The listing below must be repeated word for word, with its images excluded.

** DATASET EXCERPT **

──────────────────────────────

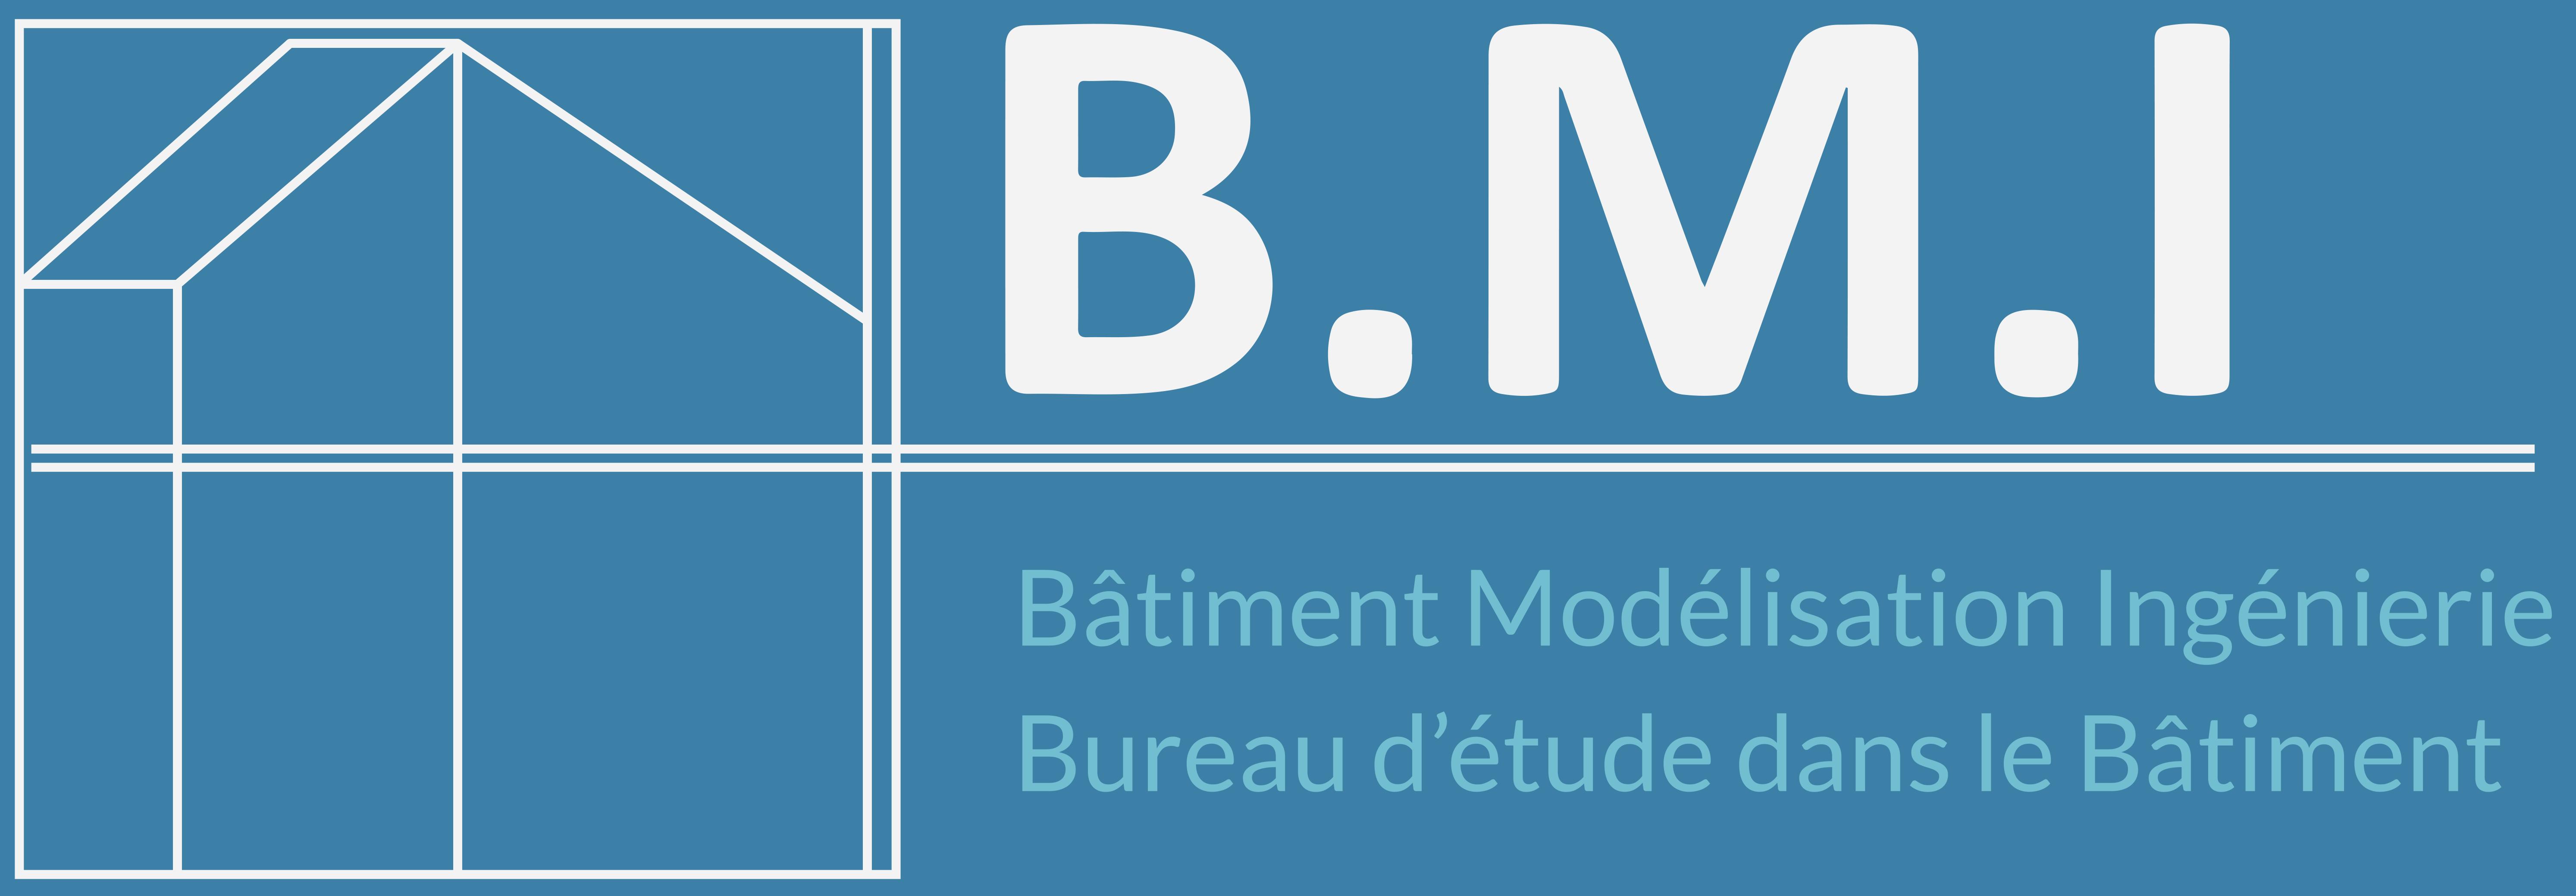 B.M.I - Bâtiment Modélisation Ingénierie : Bureau d'étude dans le bâtiment (Accueil)
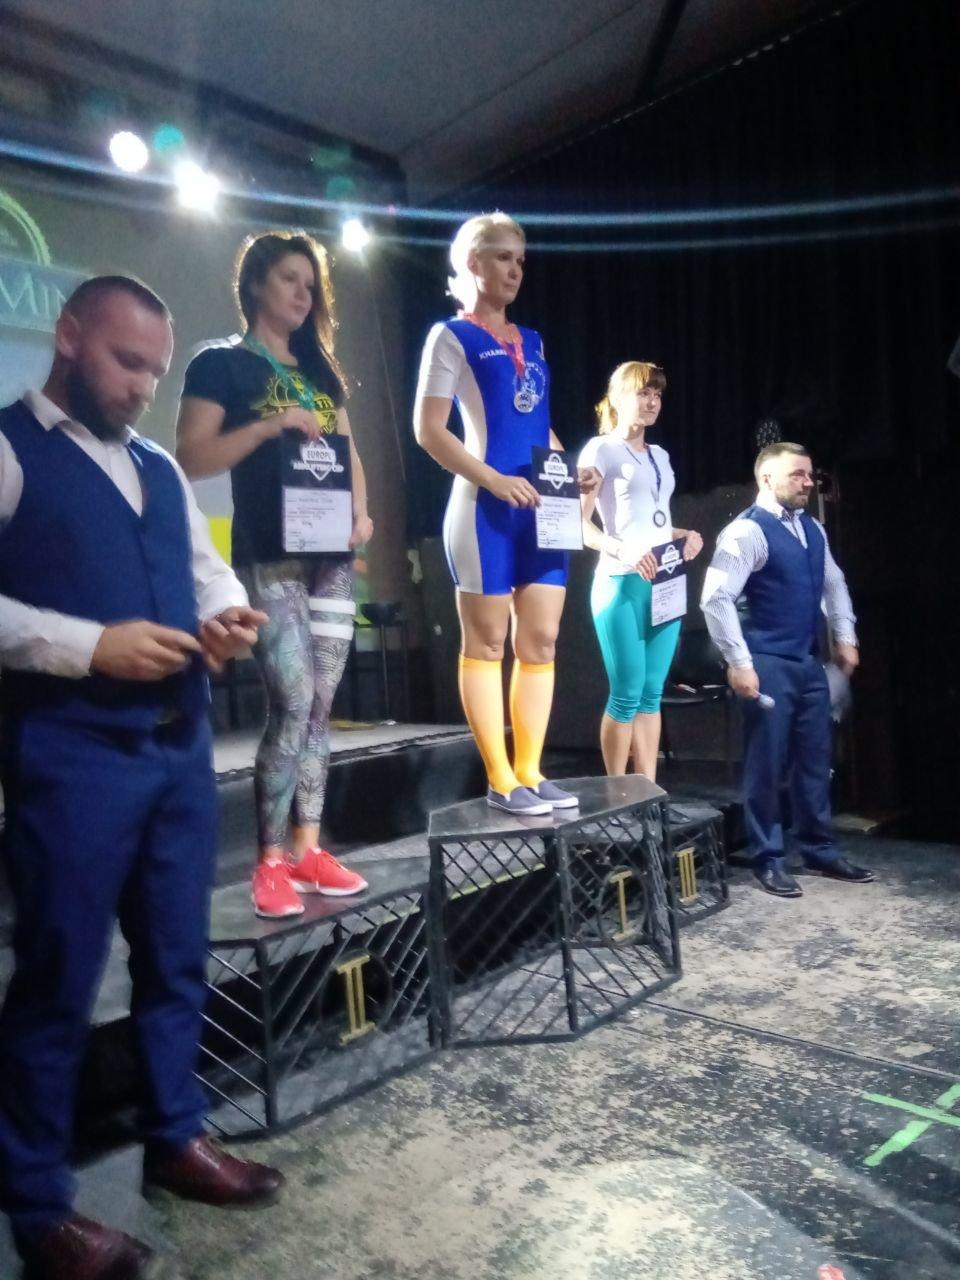 Установила три мировых рекорда: каменчанка стала четырехкратной чемпионкой Кубка Европы поармлифтингу, фото-5
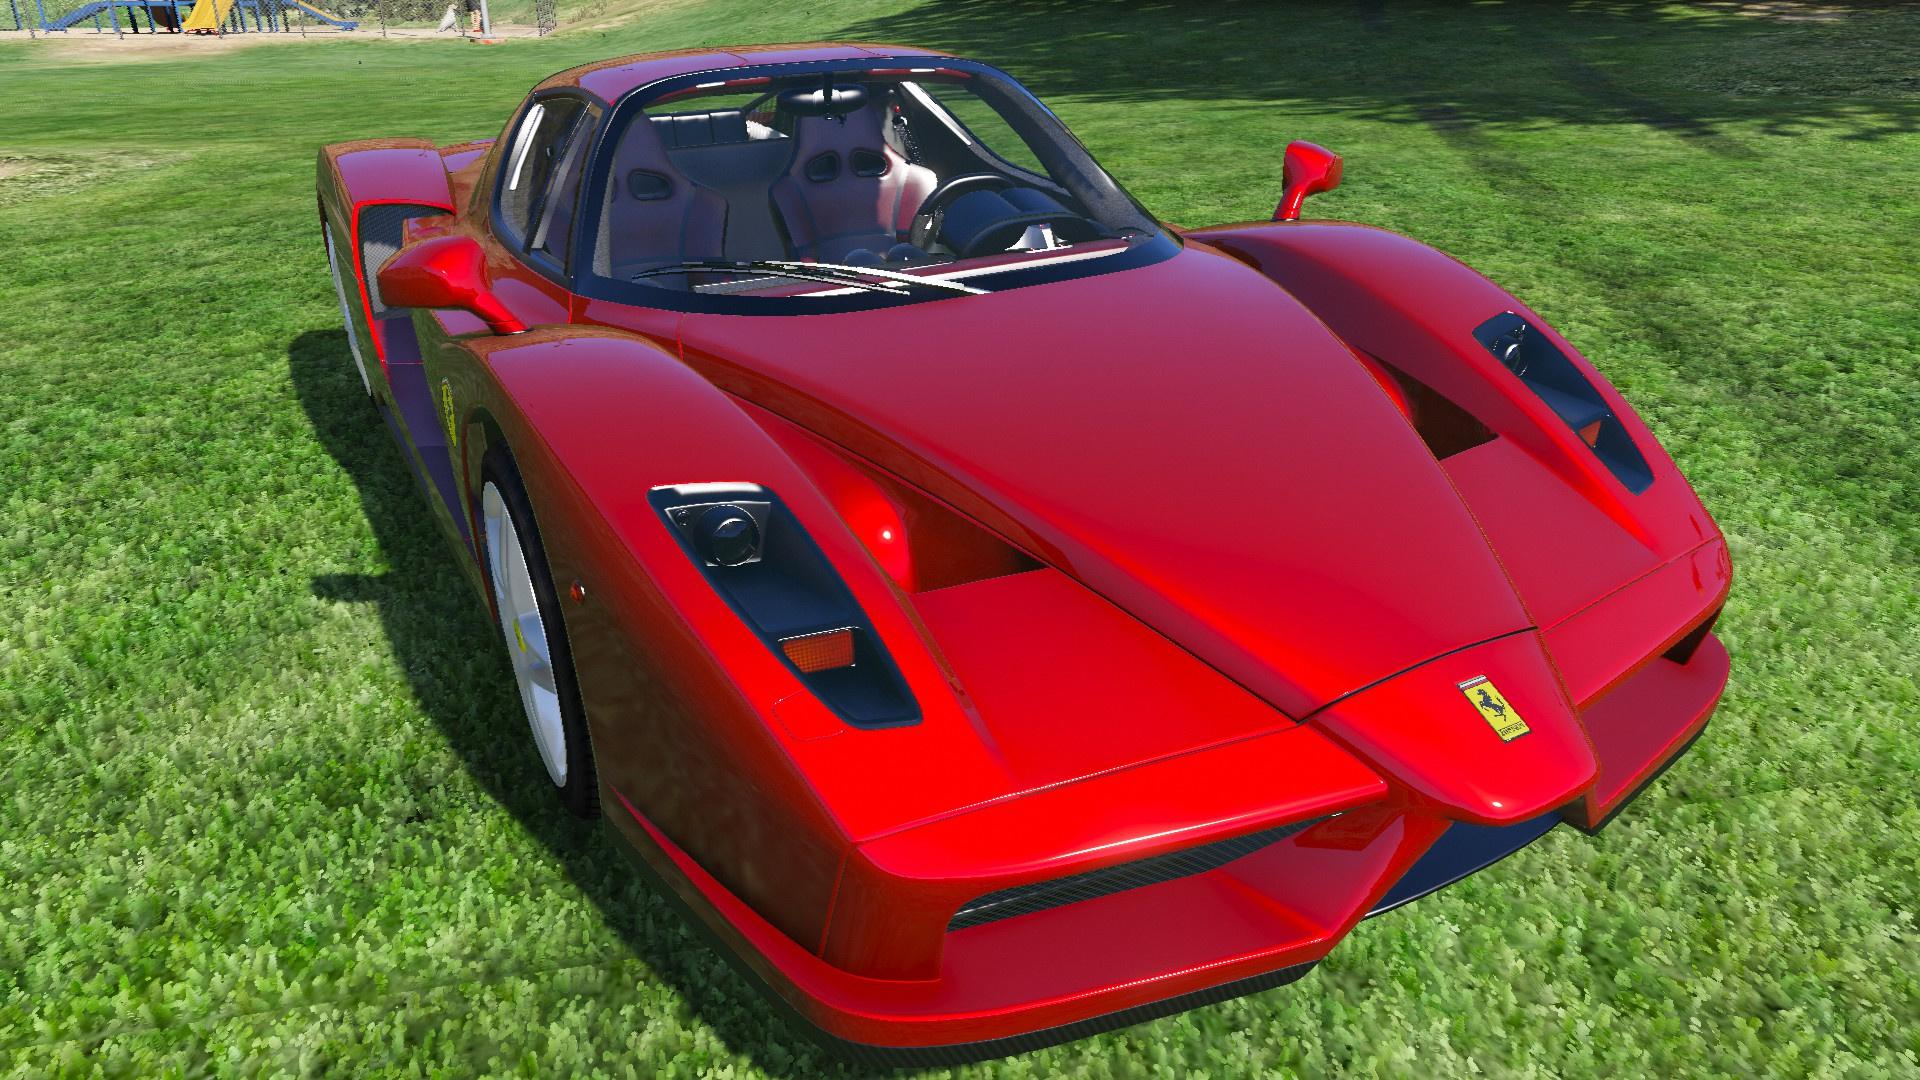 2002 Ferrari Enzo Ferrari - GTA5-Mods.com
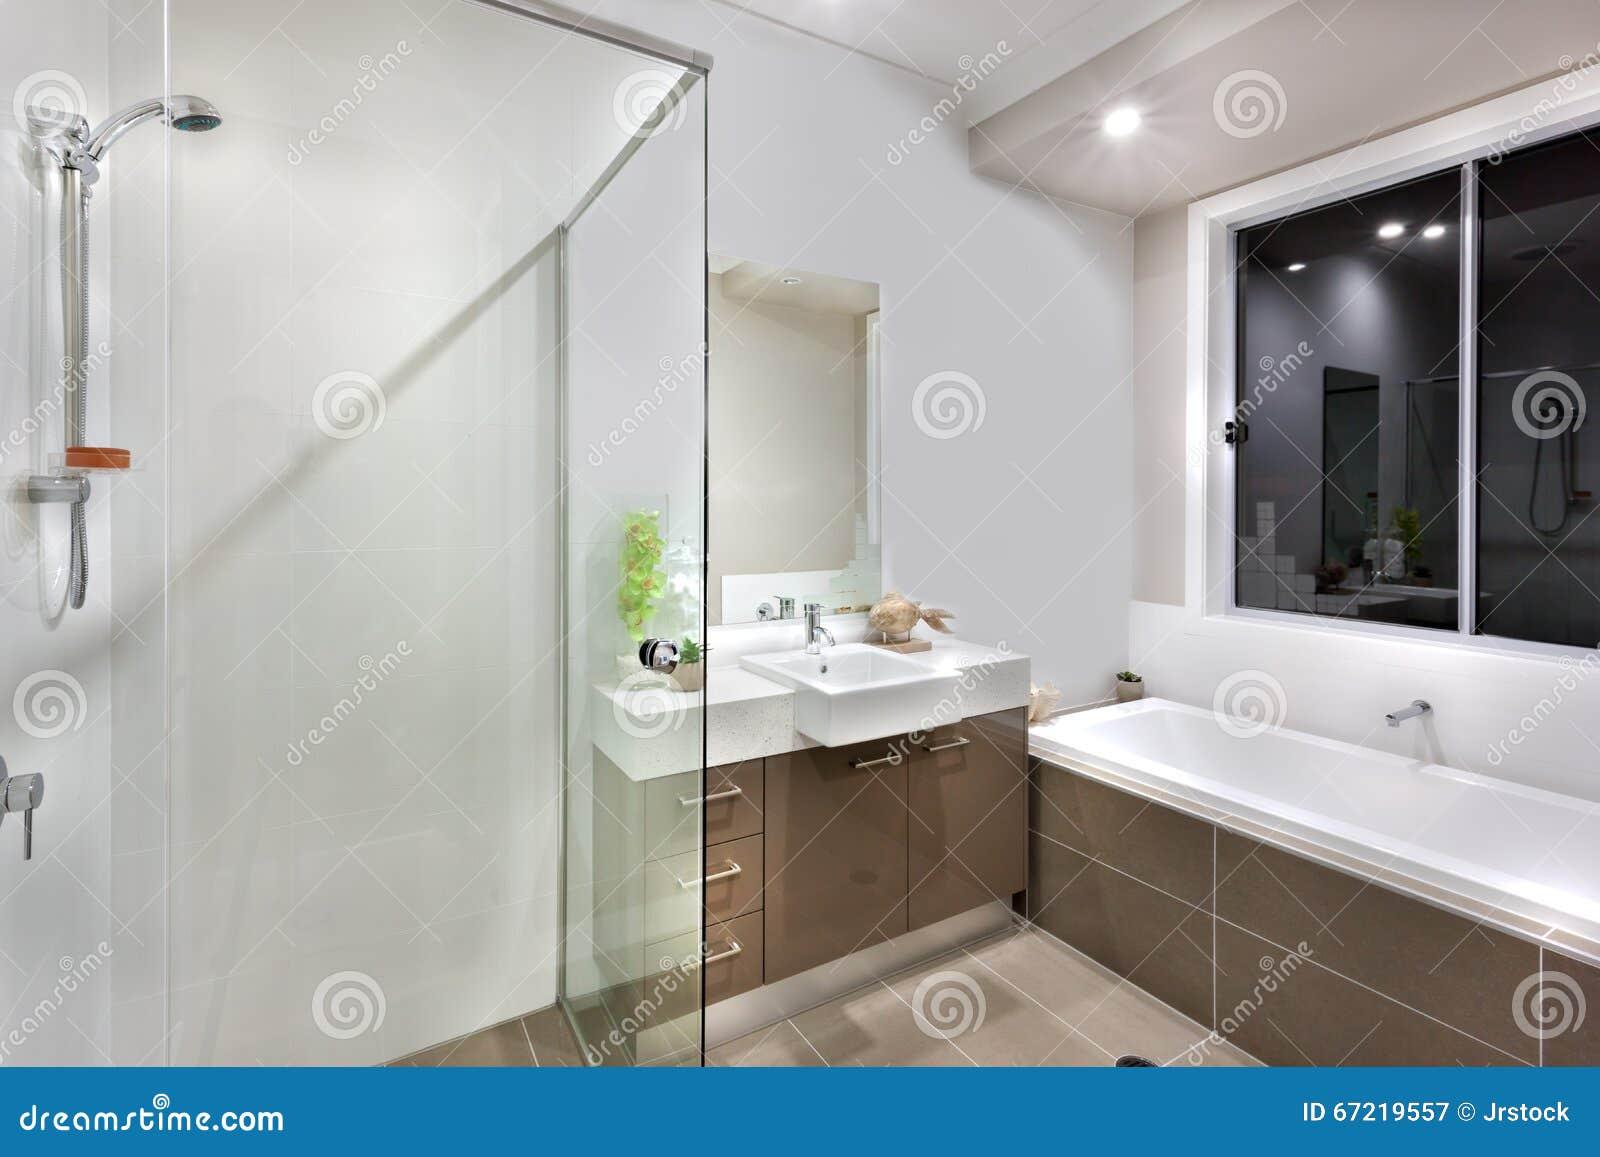 Salle D Eau Blanche Et Bois nouvelle salle de bains avec le secteur de lavage, y compris

──────────────────────────────

** SOLVED PROBLEM **
 B.M.I - Bâtiment Modélisation Ingénierie : Bureau d'étude dans le bâtiment (Accueil)
 Установила три мировых рекорда: каменчанка стала четырехкратной чемпионкой Кубка Европы поармлифтингу, фото-5
 2002 Ferrari Enzo Ferrari - GTA5-Mods.com
 Salle D Eau Blanche Et Bois nouvelle salle de bains avec le secteur de lavage, y compris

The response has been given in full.